Looking across the competitive landscape, we define the following clusters:
Early detection using ctDNA. Probably the most exciting segment (given its potential to impact health screening in the general population) includes various players seeking to develop offerings in early cancer detection and screening.
Competitors in this segment are expected to differentiate with clinical data to support test utility. Clinical studies for the general screening population are likely to be massive (~100K patients) in scale and require significant longitudinal analysis.
Grail is the poster child in the early detection space, having raised $1 billion in VC funding and recently embarked on a 120,000 patient study for early breast cancer detection. Many others are eyeing the early detection space, and some may ease their way into the general population applications through trials in at-risk patients, or as a reflex to other screening methods (e.g., low-dose CT, fecal occult blood).
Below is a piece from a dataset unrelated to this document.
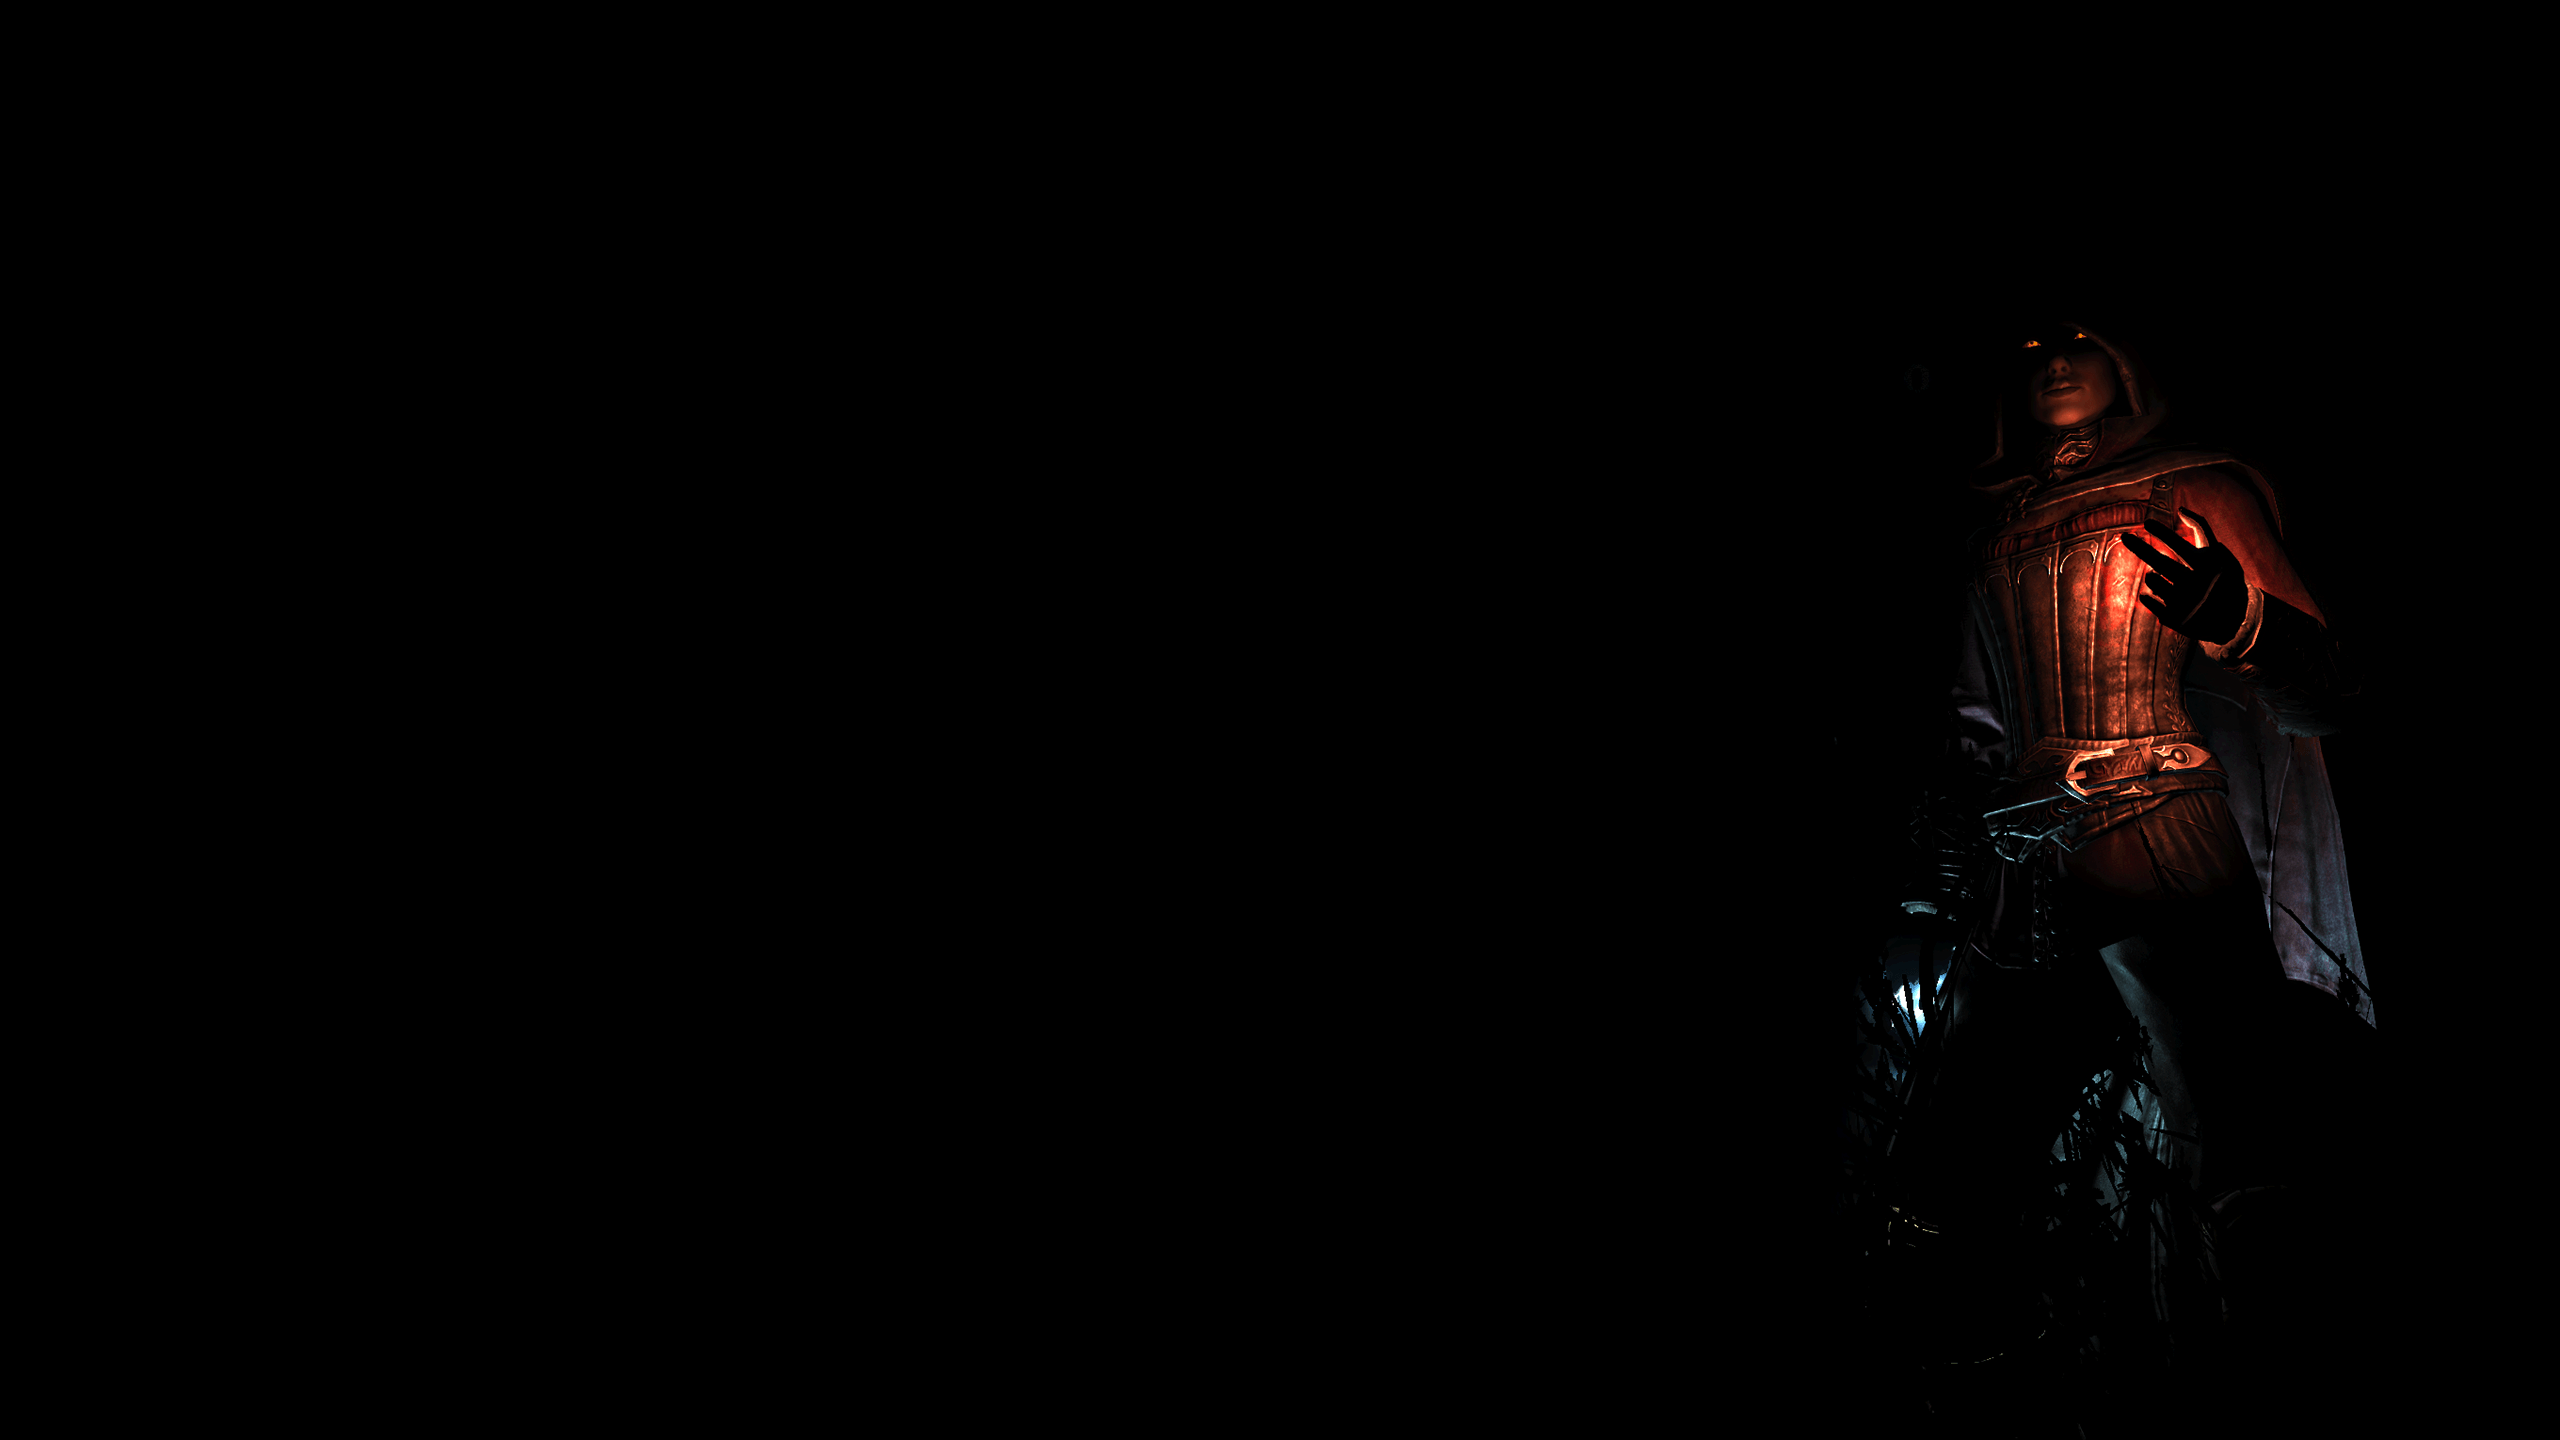 Pubg Black Desktop Wallpapers On Wallpaperdog
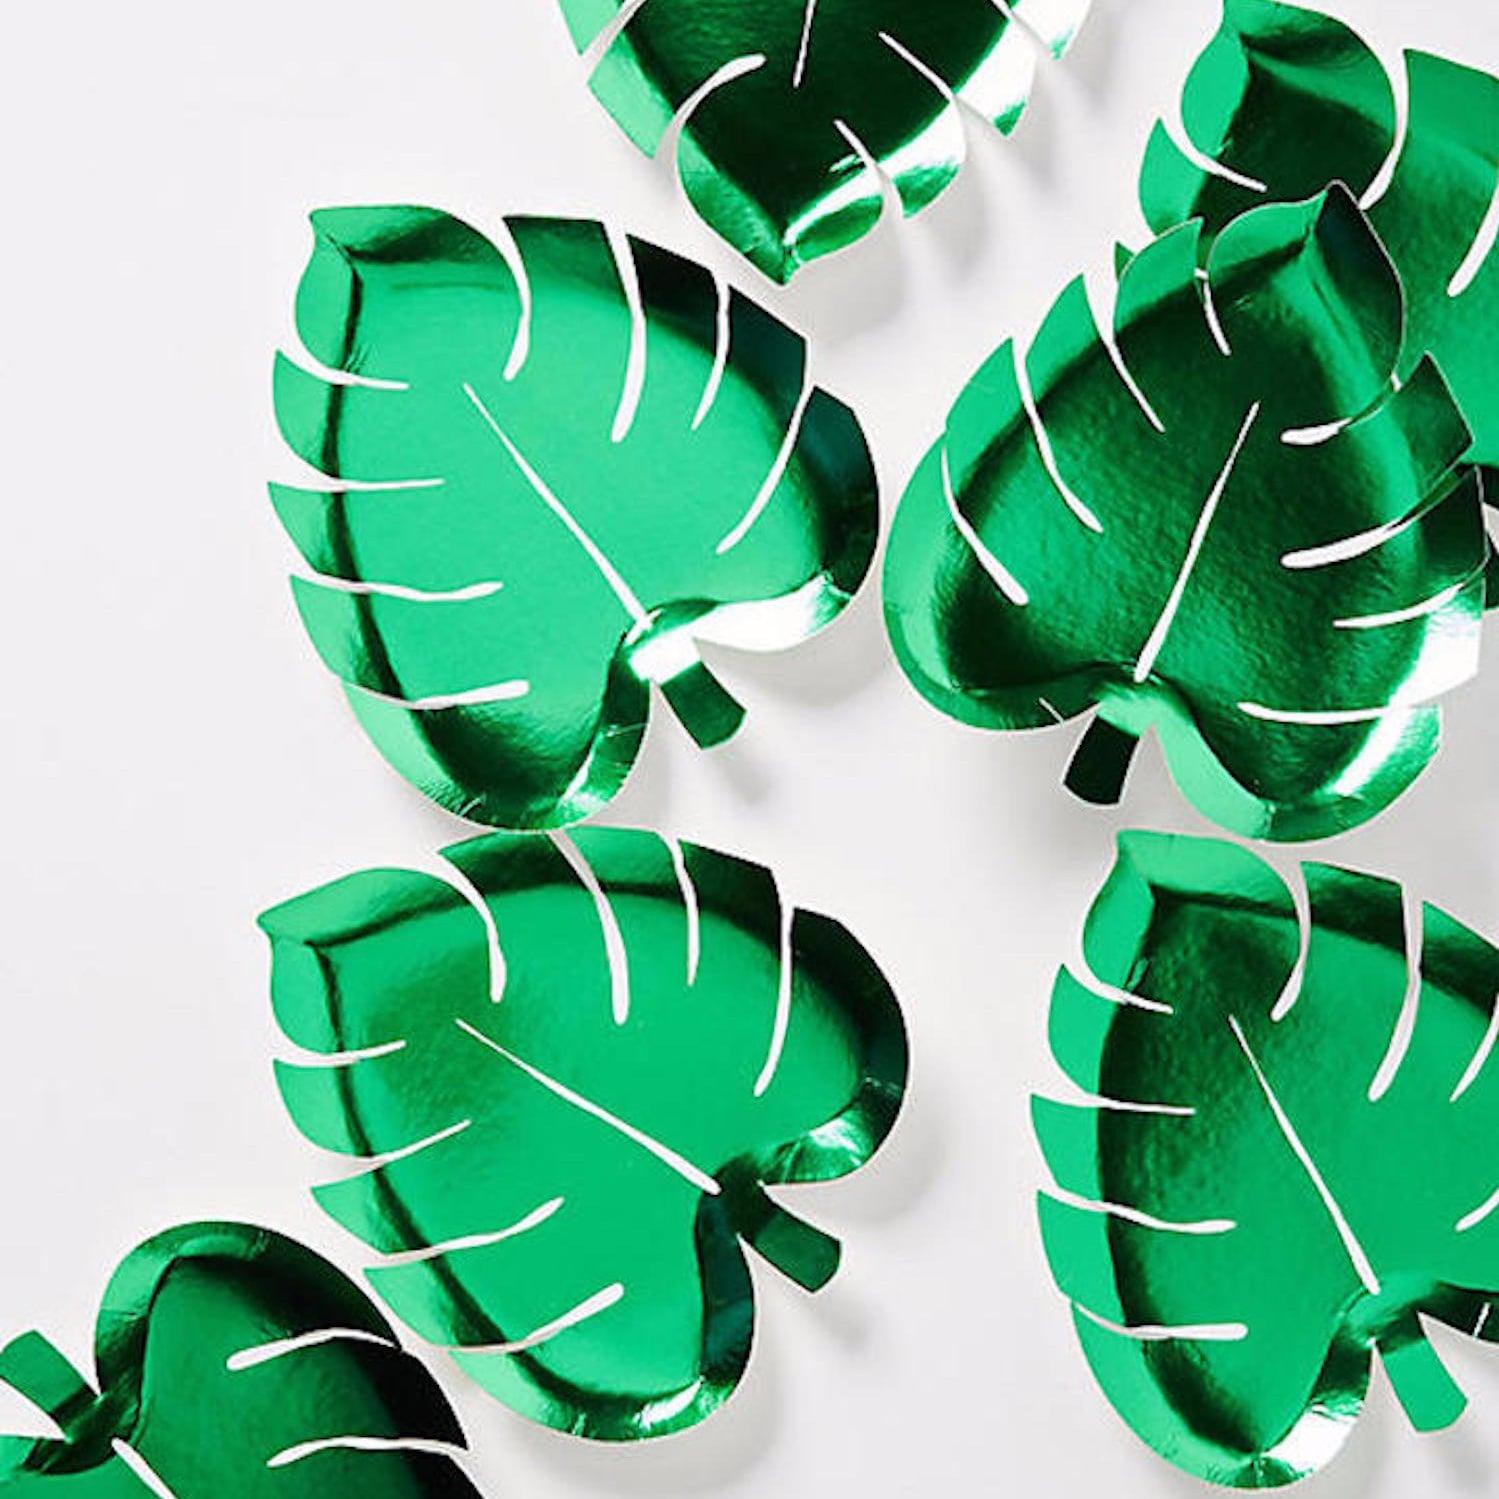 sc 1 st  Popsugar & Best Disposable Plates and Cups | POPSUGAR Home

Therapy guidance using ctDNA. This segment is the most crowded and is seeing actual clinical application today in metastatic patients. There is a core group of players deploying NGS-based liquid biopsy panels to support therapy guidance in biopsy-constrained situations. The clear front-runner here is Guardant Health, but many other competitors — several of which also play in the solid-tumor panel NGS space (e.g., Foundation Medicine, Personal Genome Dx) or have some differentiating technology enabling higher sensitivity or smaller sample input amounts — are also present.
Many traditional oncology diagnostics companies (e.g., Roche, Qiagen) have targeted single-gene tests based on PCR in the therapy guidance space, including regulated kits for companion diagnostic biomarkers such as EGFR. Players in this space are also likely to transition into monitoring applications for tested patients (looking at resistance or recurrence in treated metastatic patients).
Particles and cells (exosomes, nucleosomes, CTCs and immune cells). This is a heterogeneous segment developing varied clinical applications based on analysis of captured particles or cells. In some instances, competitors are enabling existing biomarkers to be measured from blood (e.g., Biocept, Exosome Dx) whereas others are developing novel content (e.g., Epic in prostate cancer and Cynvenio in breast cancer).
Epic is unique in that they do not enrich CTCs; rather, they image cells in a monolayer. Epic has focused efforts on prostate cancer and recently launched an ARV7 test to guide prostate cancer treatment. Cynvenio is interesting in that they are combining multiple techniques for their breast cancer recurrence monitoring test, which includes ctDNA and CTC DNA sequencing, as well as NK cell enumeration. Oncocyte is focused on blood-based immune cell function analysis. Another group of competitors in this space offers tools for CTC capture using various approaches, but is not focused on specific applications.
Significant opportunities lie ahead
The market opportunity associated with liquid biopsy represents one of the largest and most dynamic diagnostics/healthcare opportunities. While we are excited about the market potential and clinical utility, we urge pharma stakeholders, tools companies, diagnostic developers and other market stakeholders to carefully consider the impact liquid biopsy may have on the oncology landscape and what it will take to play and win.